### The data
****************************************

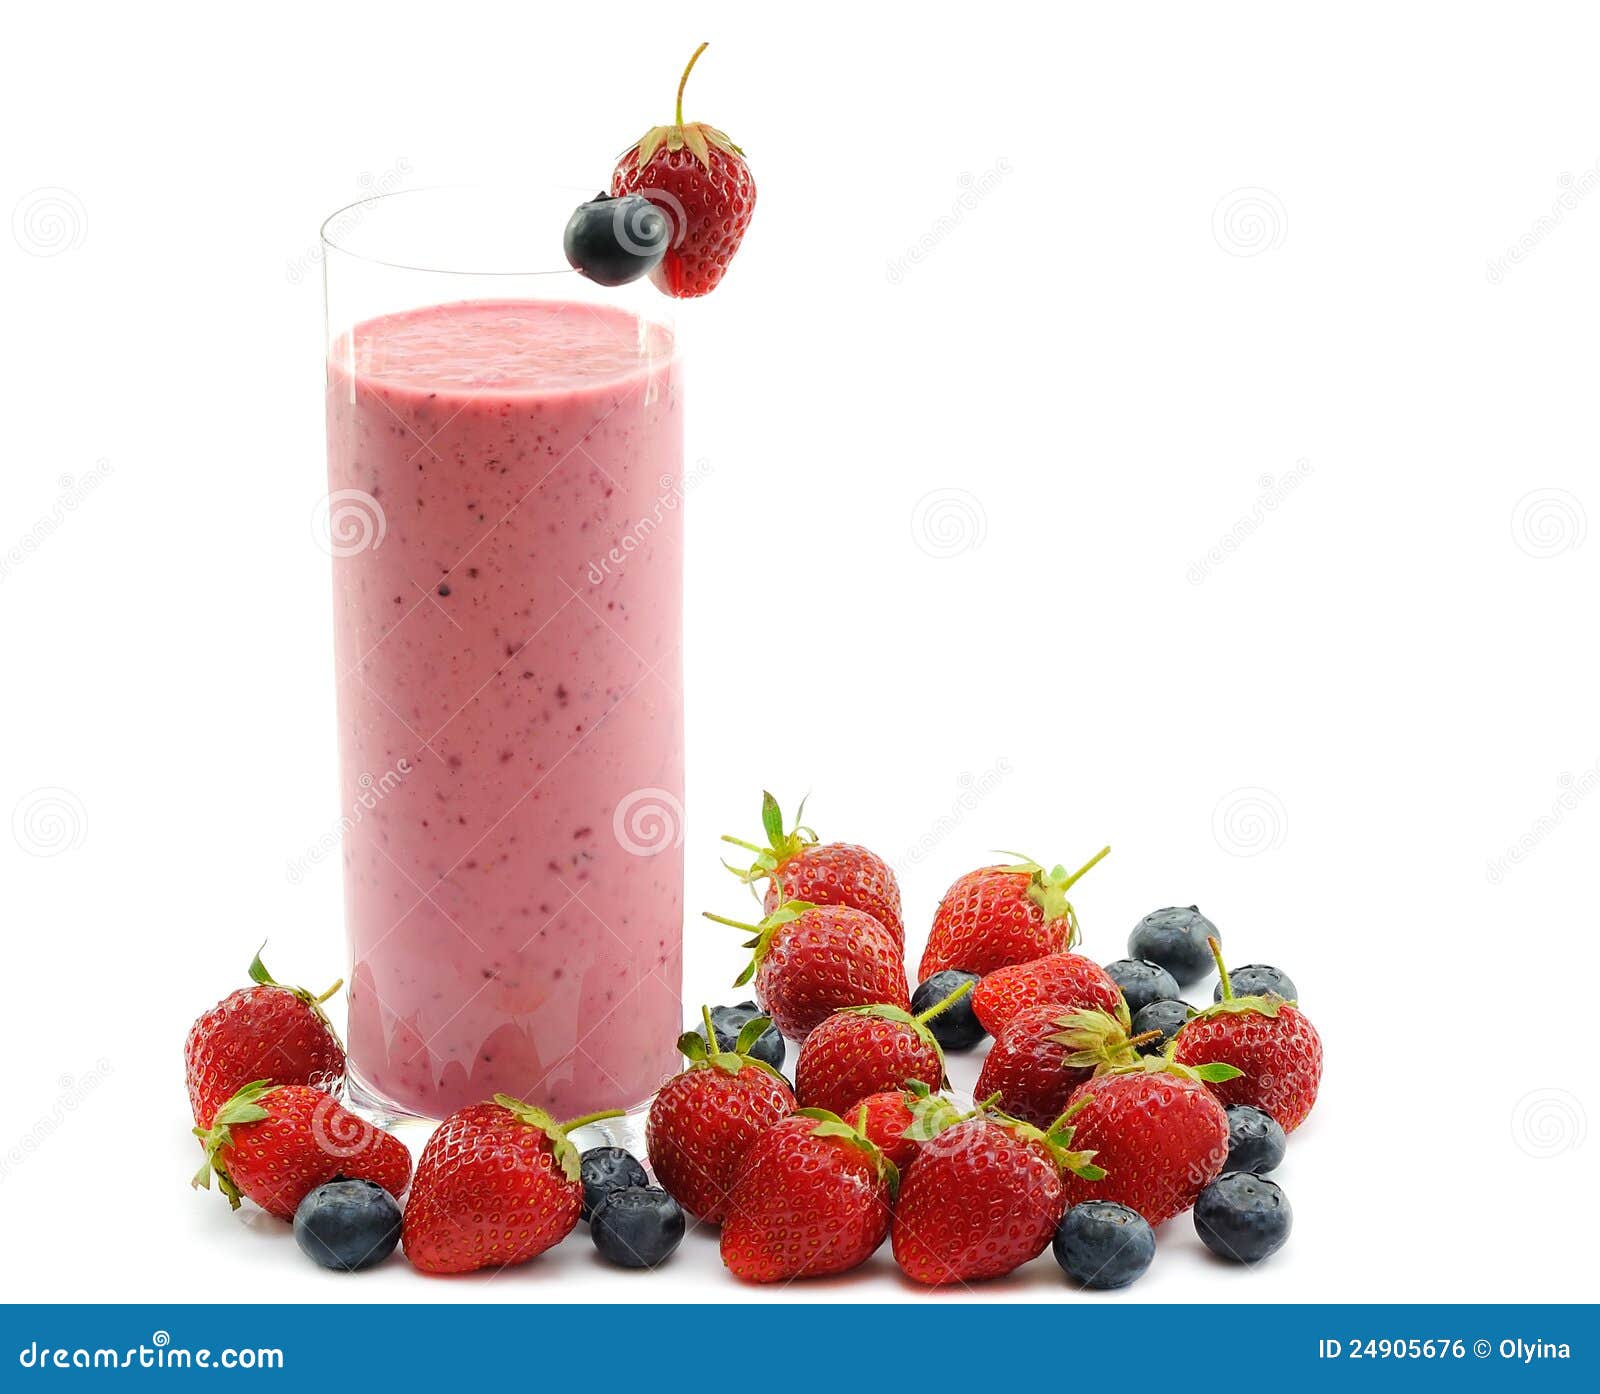 strawberry smoothie clip art - photo #31
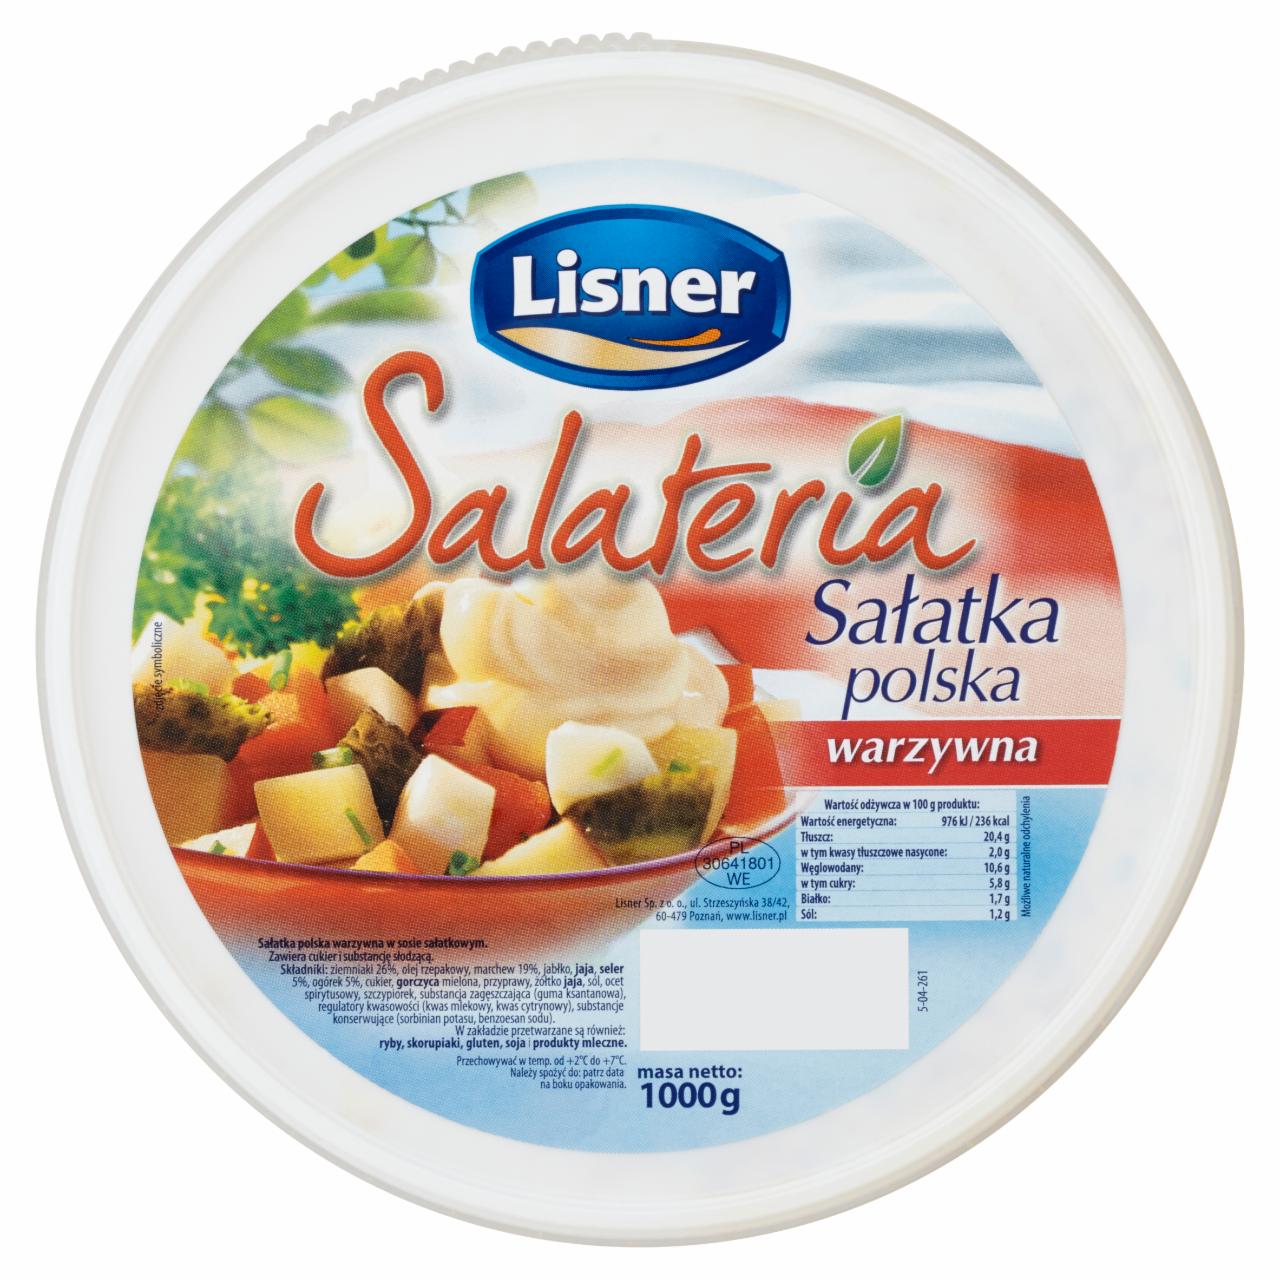 Photo - Lisner Salateria Polish Style Vegetable Salad 1000 g
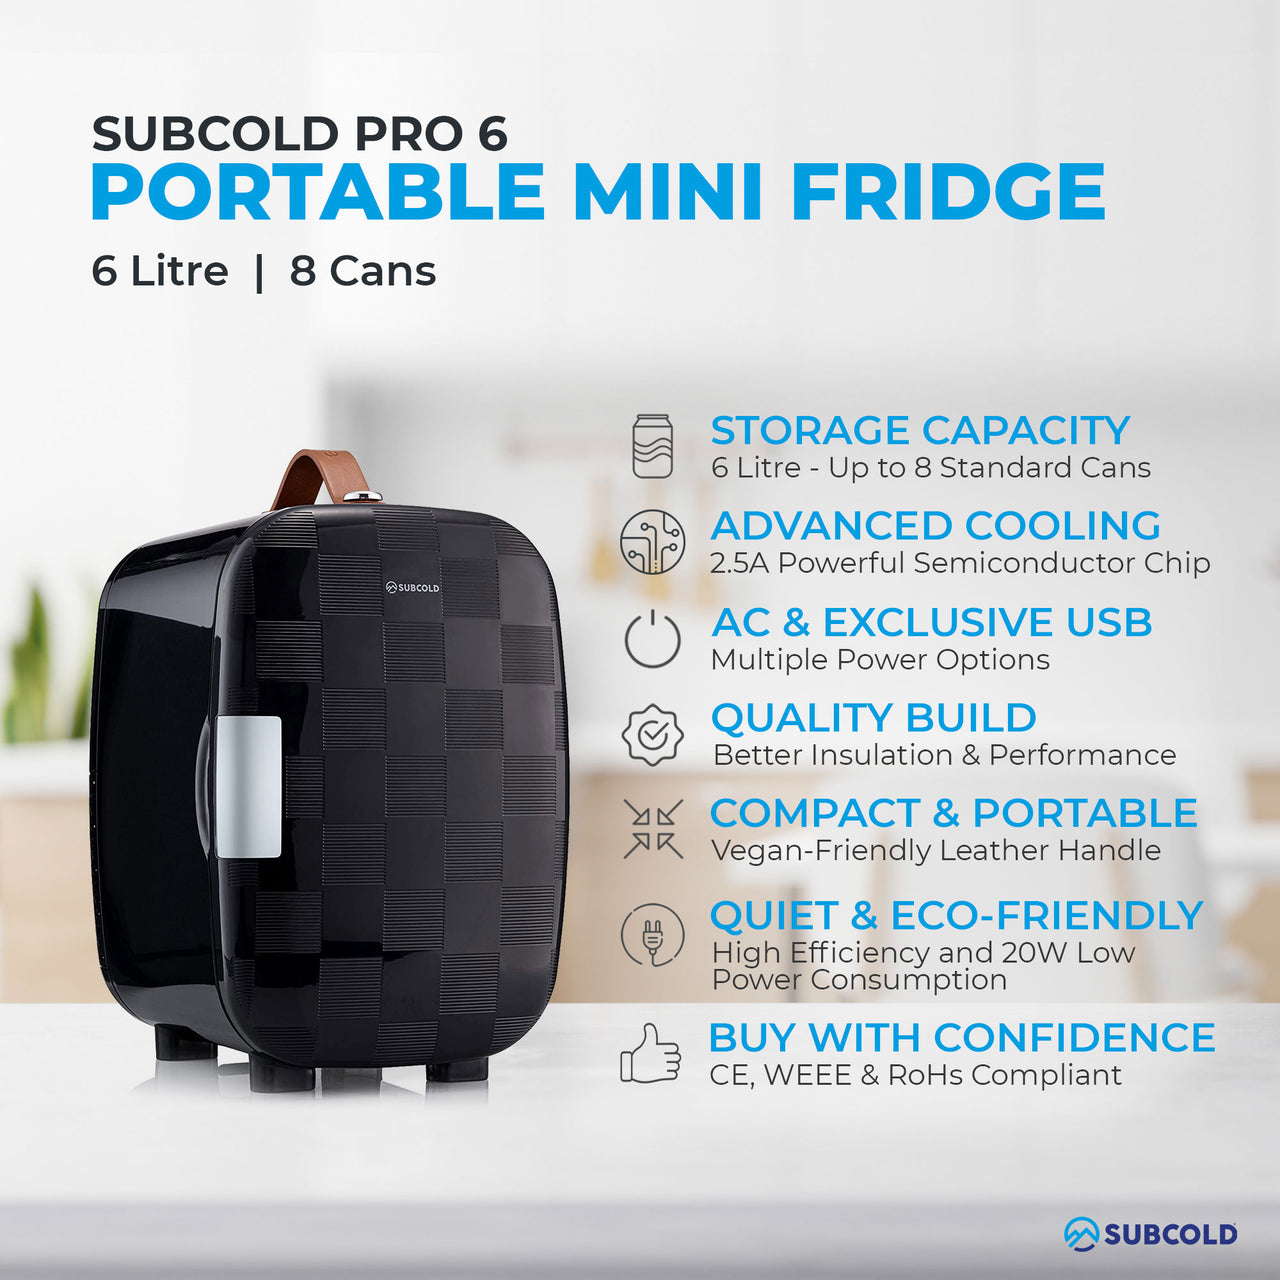 Subcold Pro 6 litre black chequered mini fridge features infographic

****************************************

### Exercise aim
If the data includes images, omit them, and set down everything else exactly as above.

### Answer
 strawberry smoothie clip art - photo #31
 Photo - Lisner Salateria Polish Style Vegetable Salad 1000 g
 Subcold Pro 6 litre black chequered mini fridge features infographic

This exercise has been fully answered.